» **What is required**: Taking the entries below, transcribe only the lines starting with the one with "Wooden Texture Design" and going on through the one with "Au cours des", exactly as written, without the pictures.

» **Source information**:
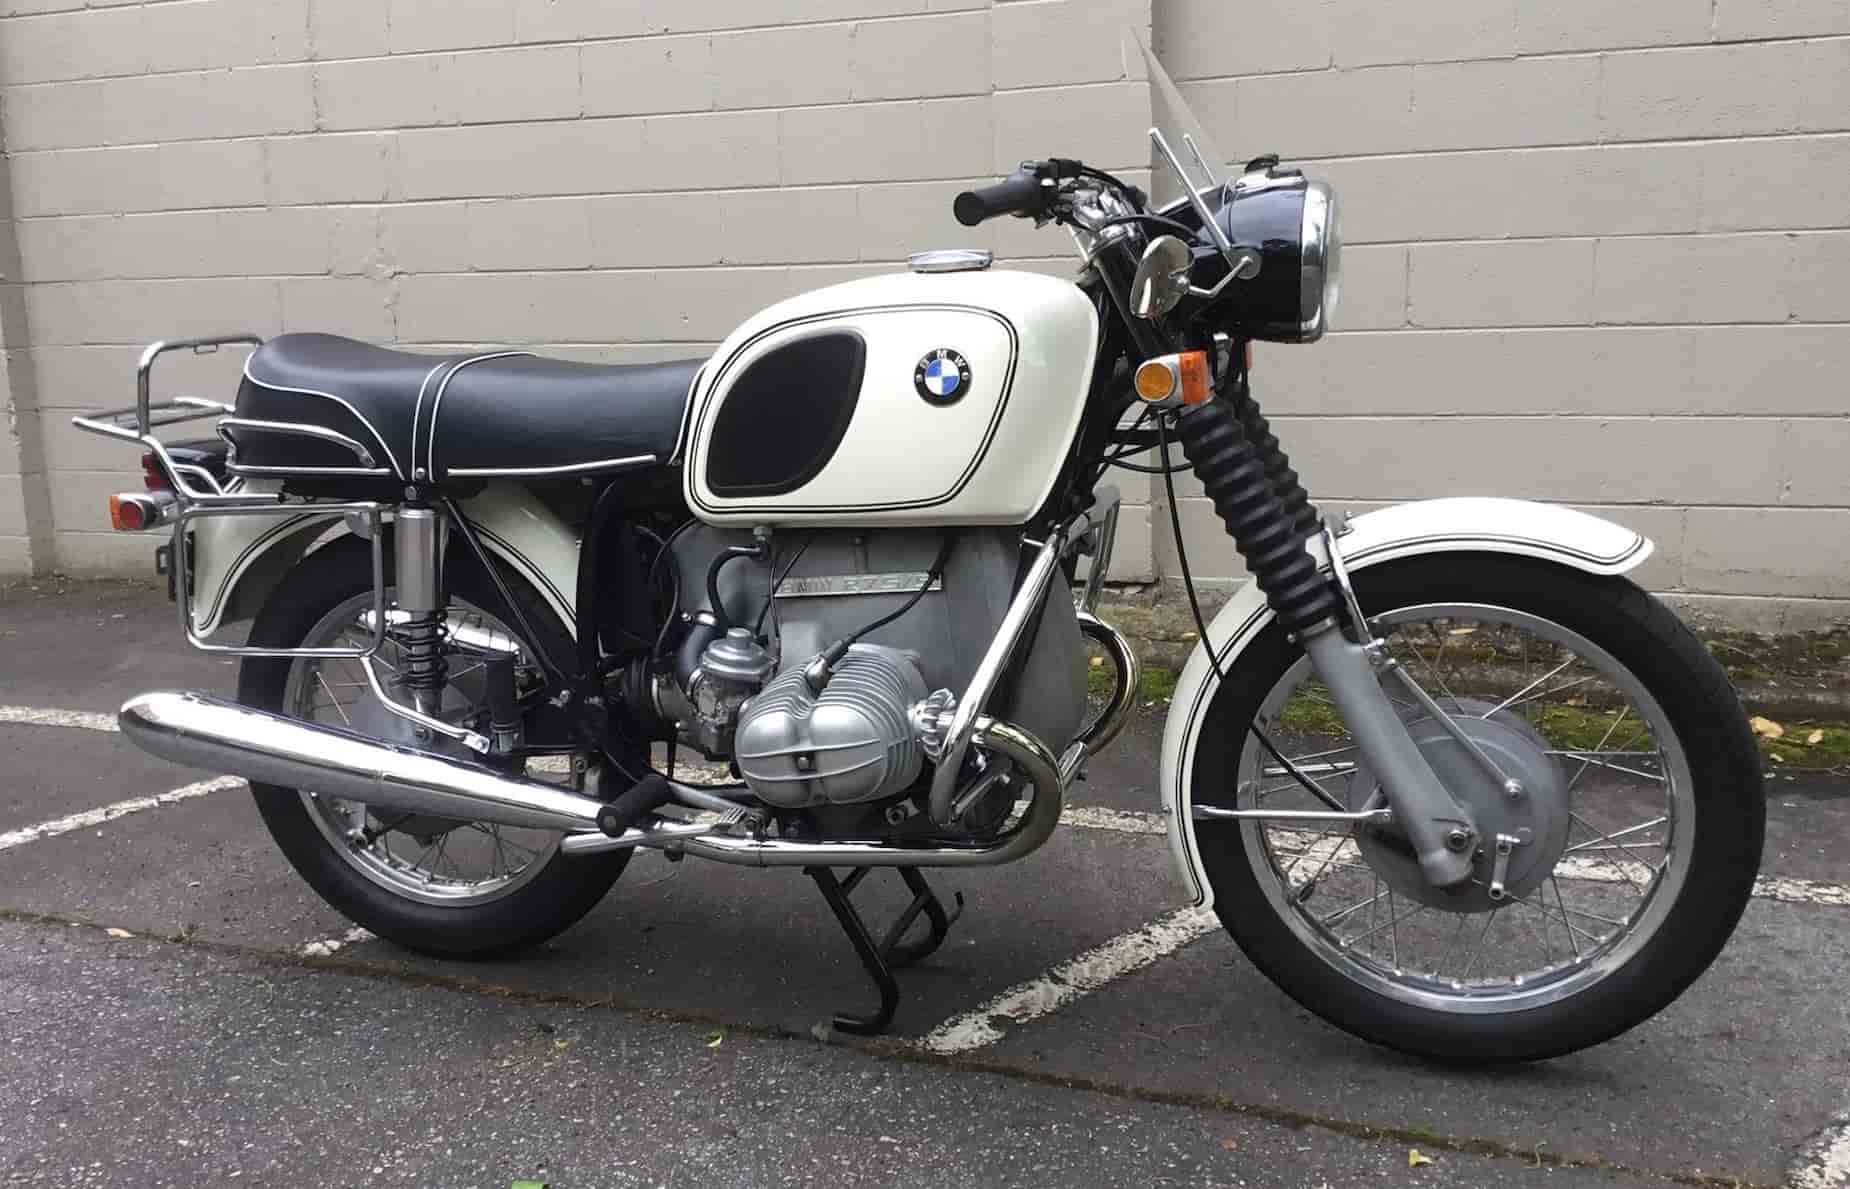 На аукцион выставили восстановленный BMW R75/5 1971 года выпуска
--
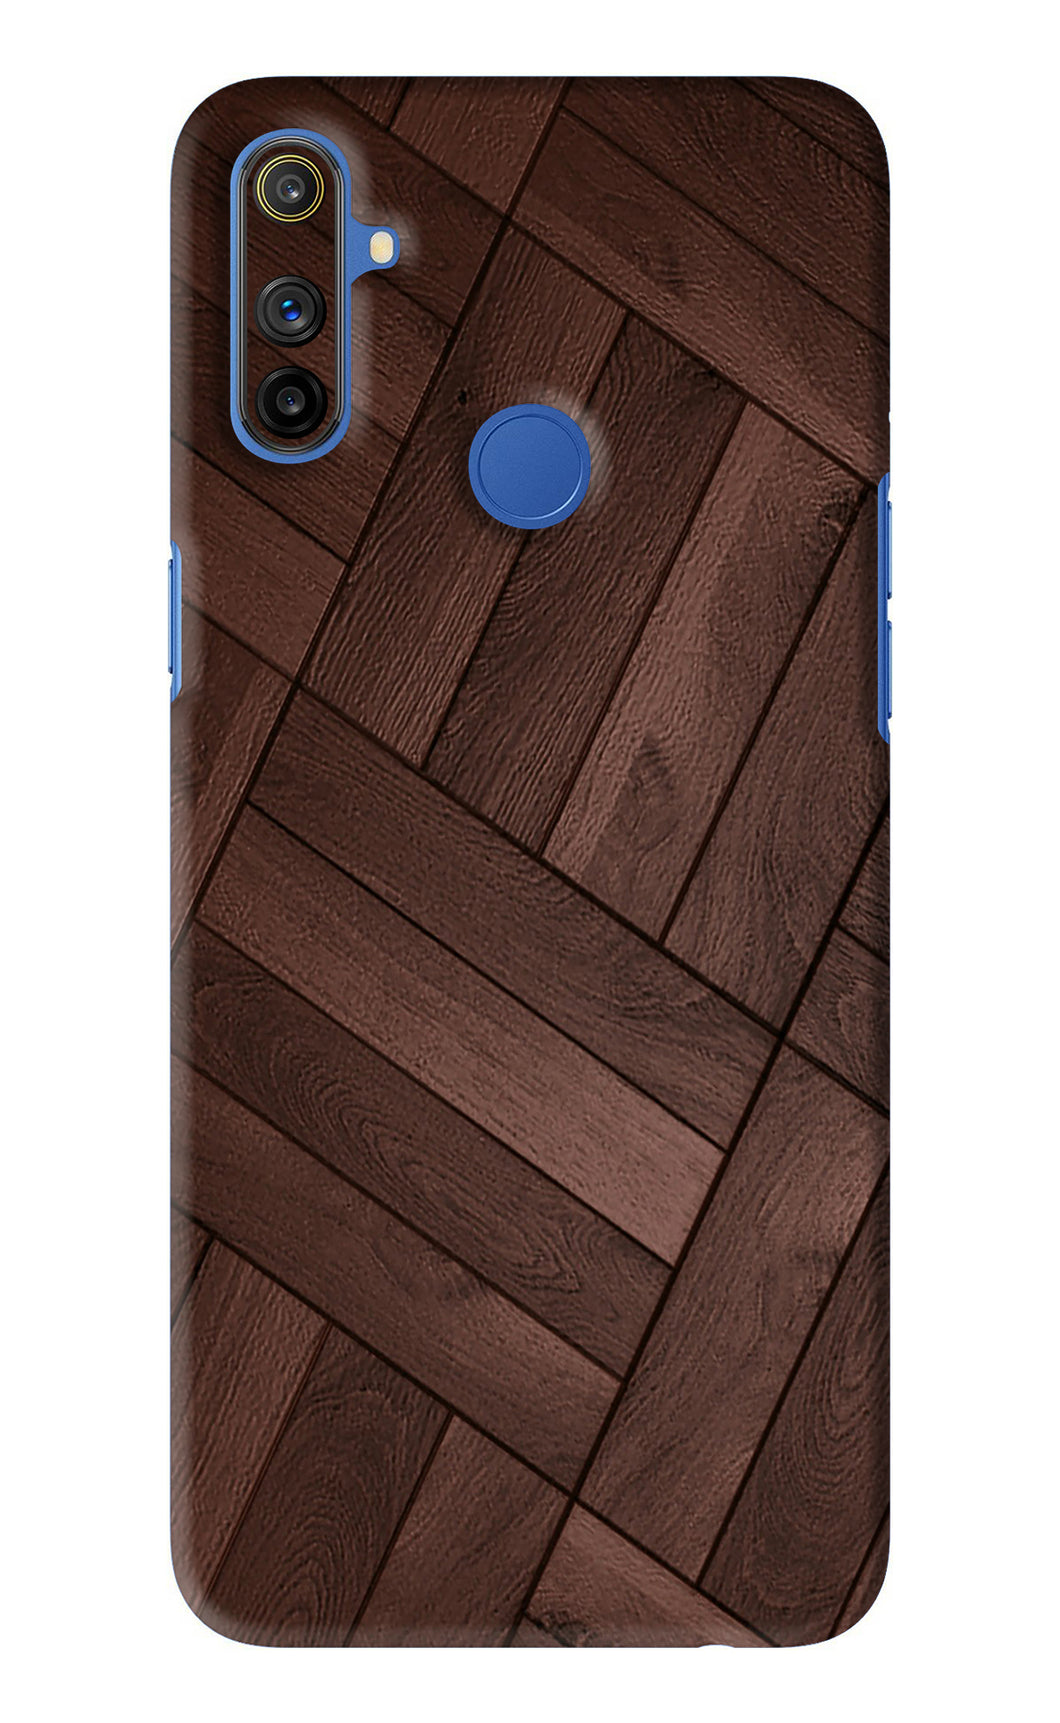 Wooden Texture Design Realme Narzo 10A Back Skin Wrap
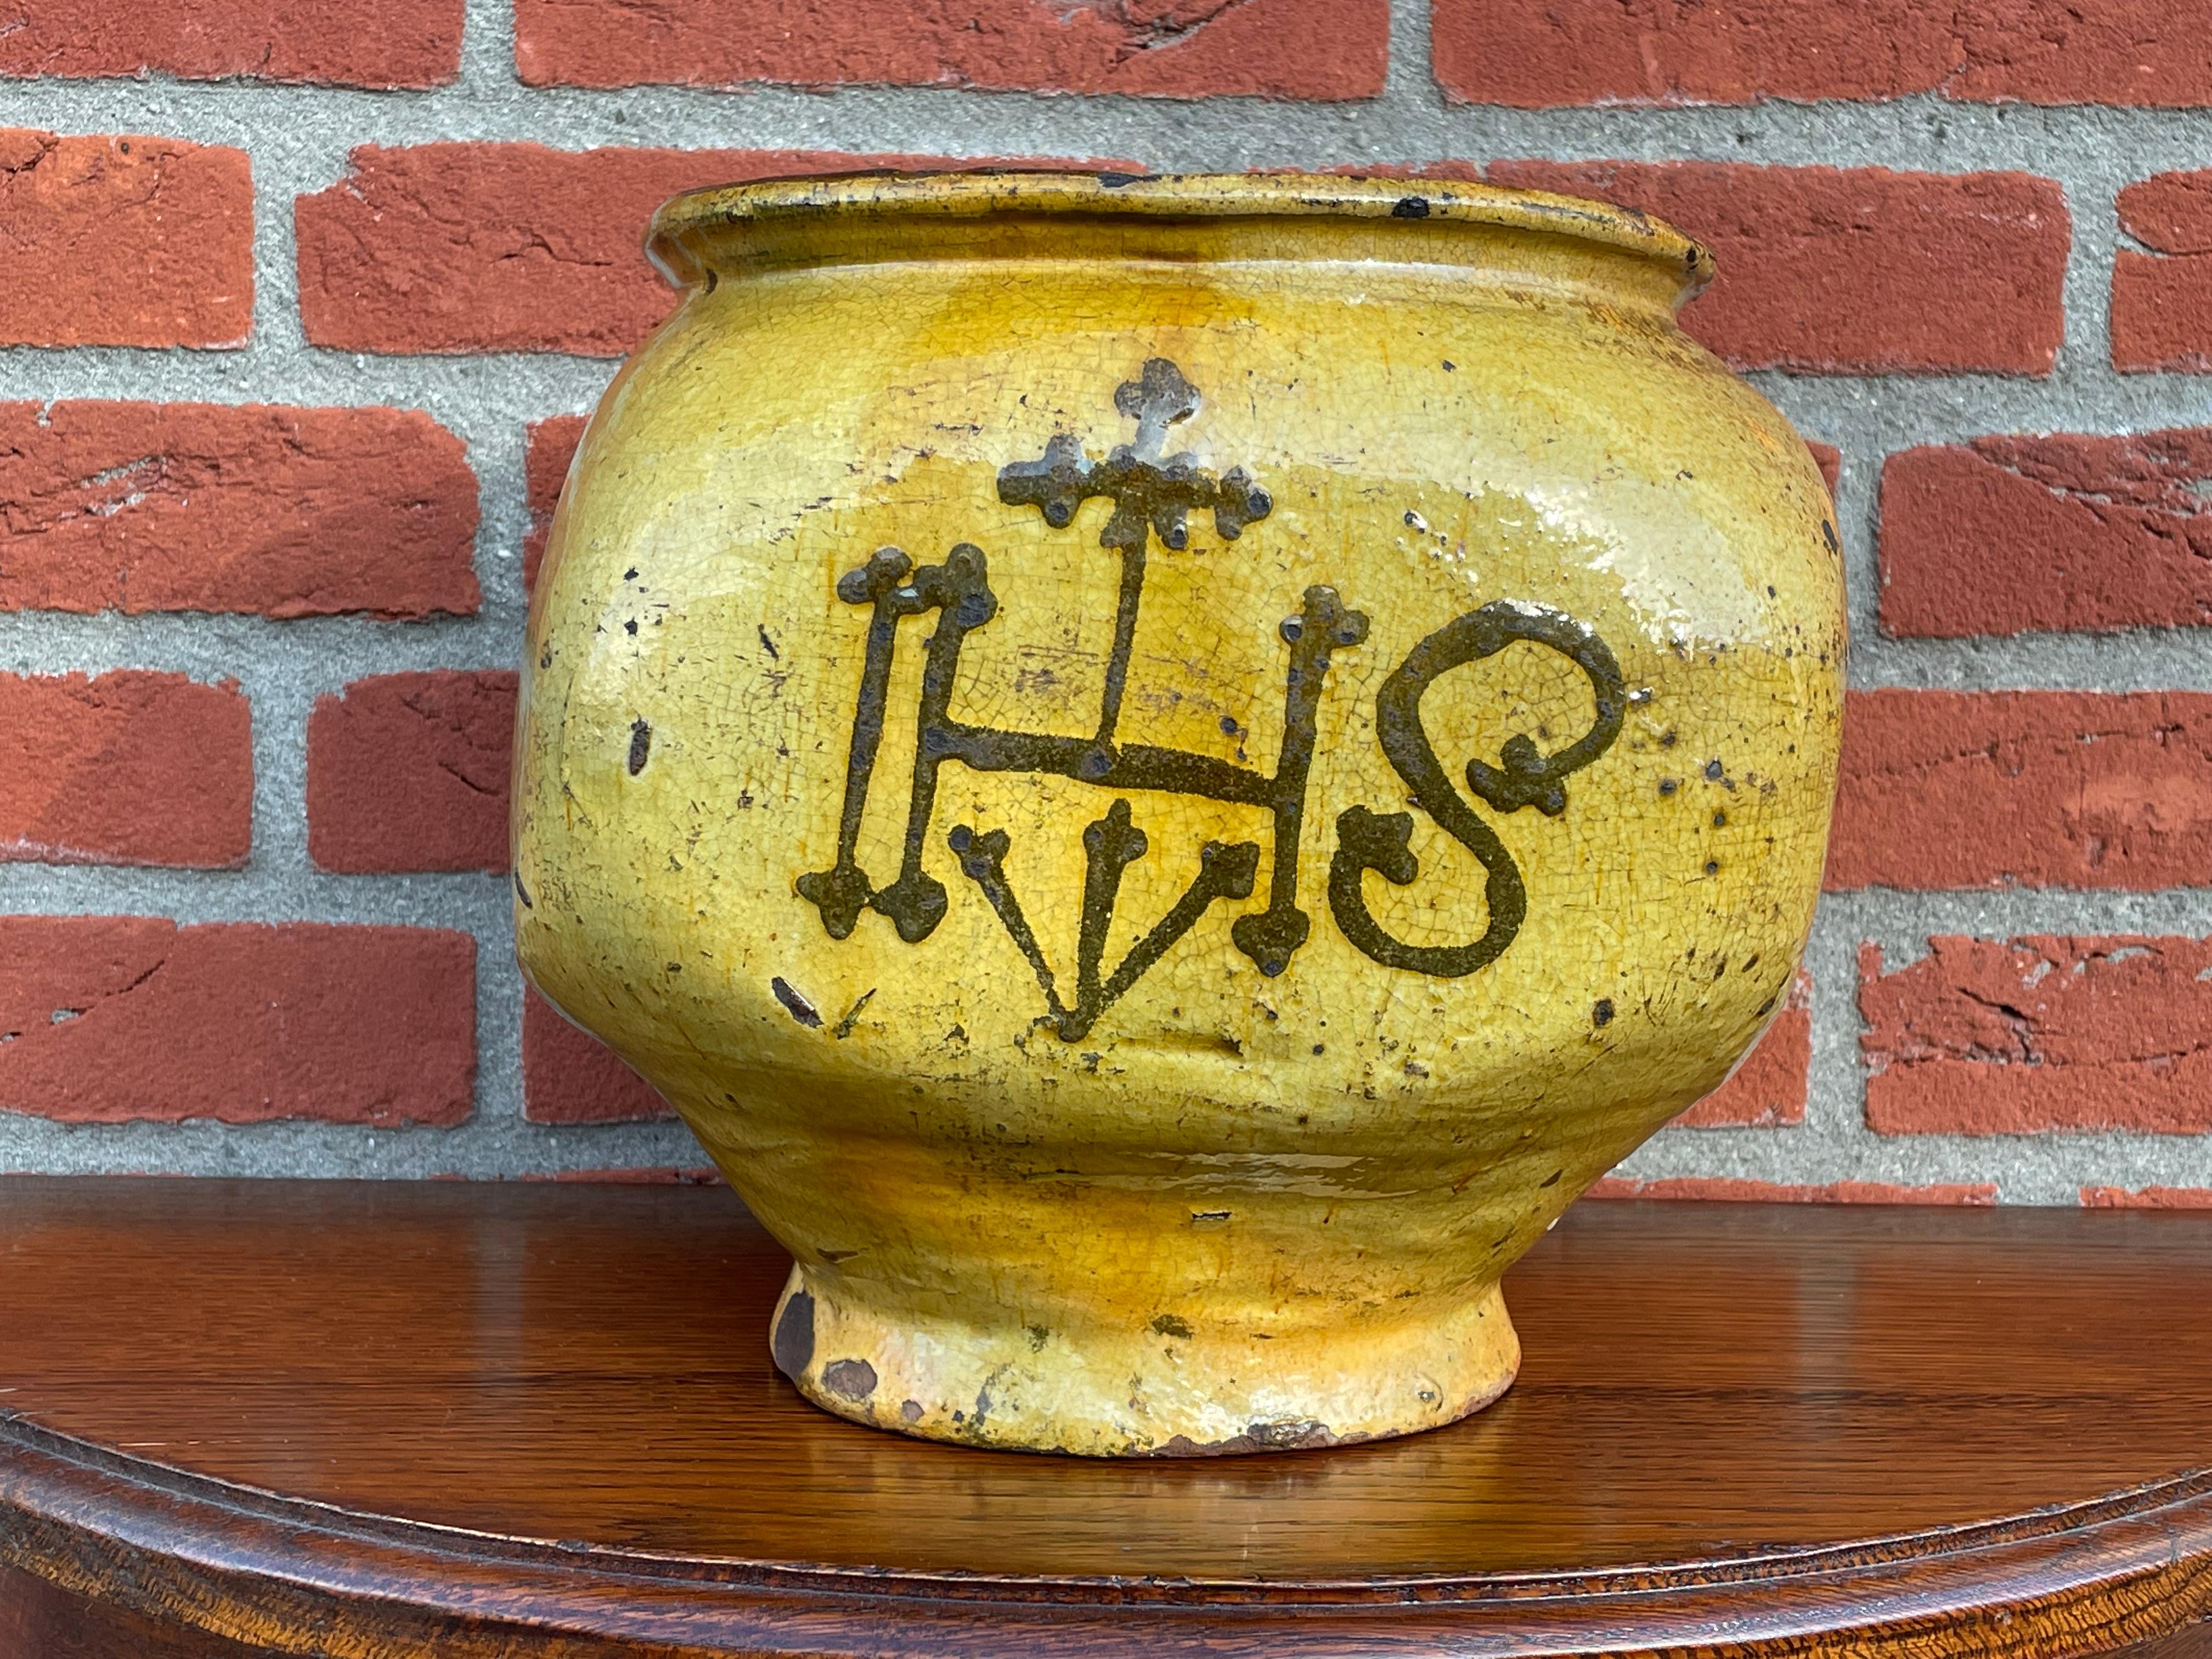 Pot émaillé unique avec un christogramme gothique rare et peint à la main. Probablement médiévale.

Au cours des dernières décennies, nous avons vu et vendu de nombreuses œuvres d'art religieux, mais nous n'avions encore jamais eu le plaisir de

» **Answer to this problem**:
 Wooden Texture Design Realme Narzo 10A Back Skin Wrap
 Pot émaillé unique avec un christogramme gothique rare et peint à la main. Probablement médiévale.

Au cours des dernières décennies, nous avons vu et vendu de nombreuses œuvres d'art religieux, mais nous n'avions encore jamais eu le plaisir de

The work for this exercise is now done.